Le désengagement des sphères menaçantes observé par Bourguignon et ses collègues, peut relever de la même logique de protection de soi qui semble être aussi celle des demandeurs d’emploi de l’étude de Dagot. Pourquoi peut-on faire l’hypothèse que l’abandon du dispositif d’insertion découle d’une volonté de protection de soi ? Il faut se demander ce qui pourrait représenter une menace pour le soi, en terme identitaire, dans les actions proposées par le dispositif. Dans l’étude de Bourguignon, c’est l’activation de l’appartenance au groupe “chômeur” qui a conduit les demandeurs d’emploi à déclarer ne pas être intéressés par la sphère culturelle. On peut analyser cette réaction par l’activation des caractéristiques du stéréotype “chômeur” dans l’esprit des participants à l’étude, eux mêmes chômeurs. Cette activation des caractéristiques négatives (peu cultivés, loins de la culture…) génèrerait un inconfort psychologique, vécu sur le mode de la menace identitaire. Pour alléger cette menace, l’individu pourrait avoir comme stratégie de déclarer ne pas se sentir concerné par “la culture”, signant un désengagement de la spère menaçante : “peu importe ce que l’on pense de moi sur ce sujet, car il n’a pas d’importance pour moi”.
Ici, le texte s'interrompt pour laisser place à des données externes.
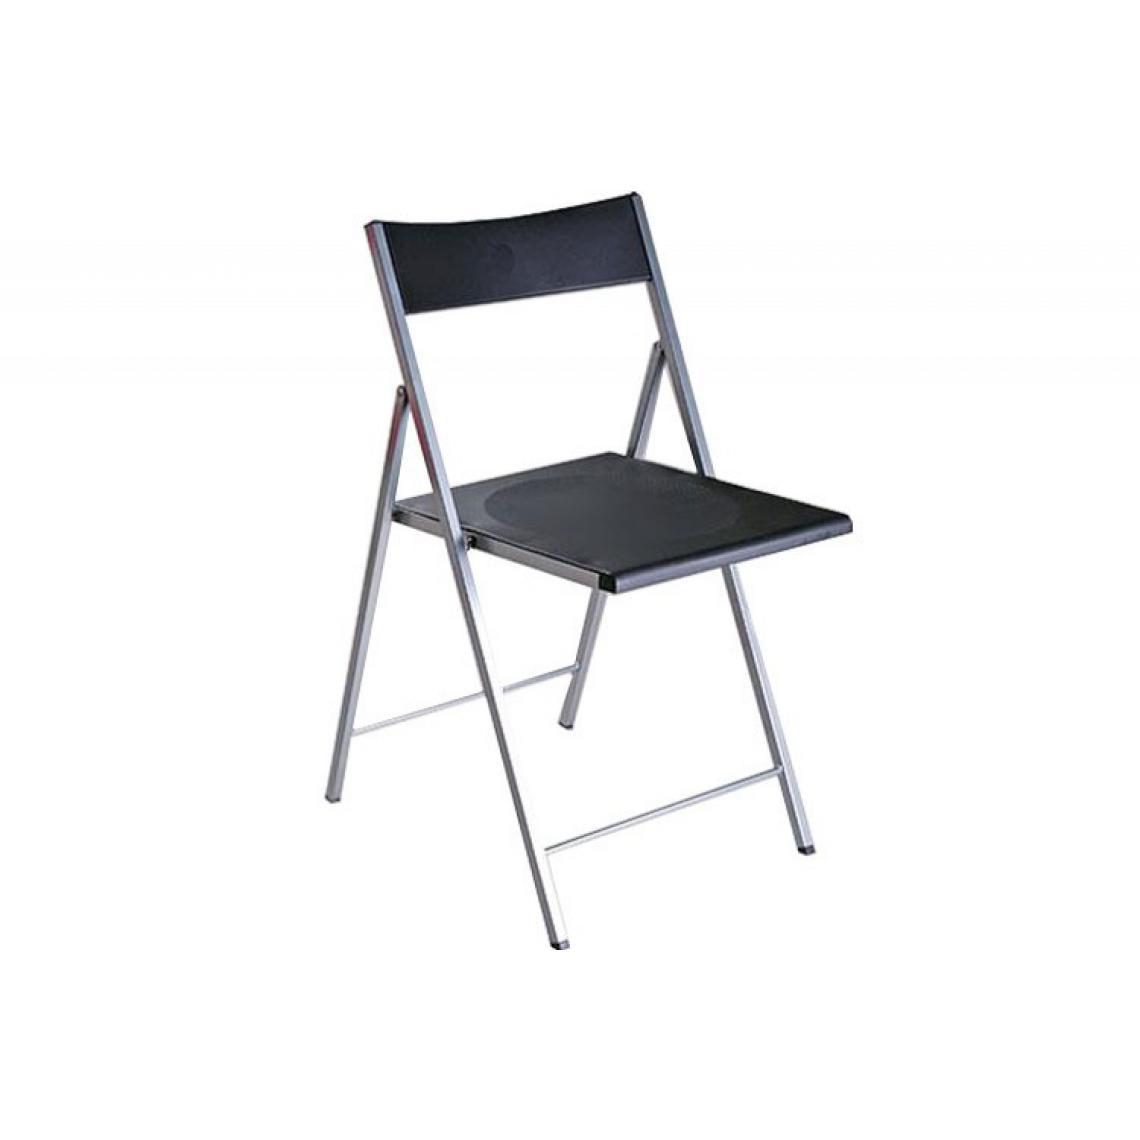 chaise pliante noire bilbao

Nous pensons que l’enchainement psychologique est similaire dans le cas de l’étude de Dagot (2007).
Ce sont les chômeurs les moins diplômés qui ont adopté une logique de rupture avec le dispositif lorsque celui-ci leur proposait surtout de travailler sur leur propre personne, avec ses défauts et ses qualités, leur projet qui souvent se heurte à leur situation de très faible qualification et leur parcours marqué par la précarité. La sémantique portée par ce type d’action relève d’une psychologisation pouvant être perçue comme déplacée, ou en tout cas inutile. Inutile car l’on perçoit le décalage entre le travail sur soi que le dispositif requiert, travail parfois assez intrusif, et ses effets potentiellement bénéfiques, à savoir trouver un emploi de bas niveau, rémunéré au strict minimum. On peut faire l’hypothèse qu’il est plus acceptable, voire plus valorisant, de développer une analyse sur soi, sa personnalité et ses projets, lorsque l’on est diplômé de l’enseignement supérieur, et que l’on a déjà un parcours professionnel riche. Dans l’étude de Dagot, on voit d’ailleurs que les sorties par abandon ou par accès à l’emploi des plus diplômés sont assez insensibles à la prédominance des actions de type travail sur soi, ou de type mise en situation de travail.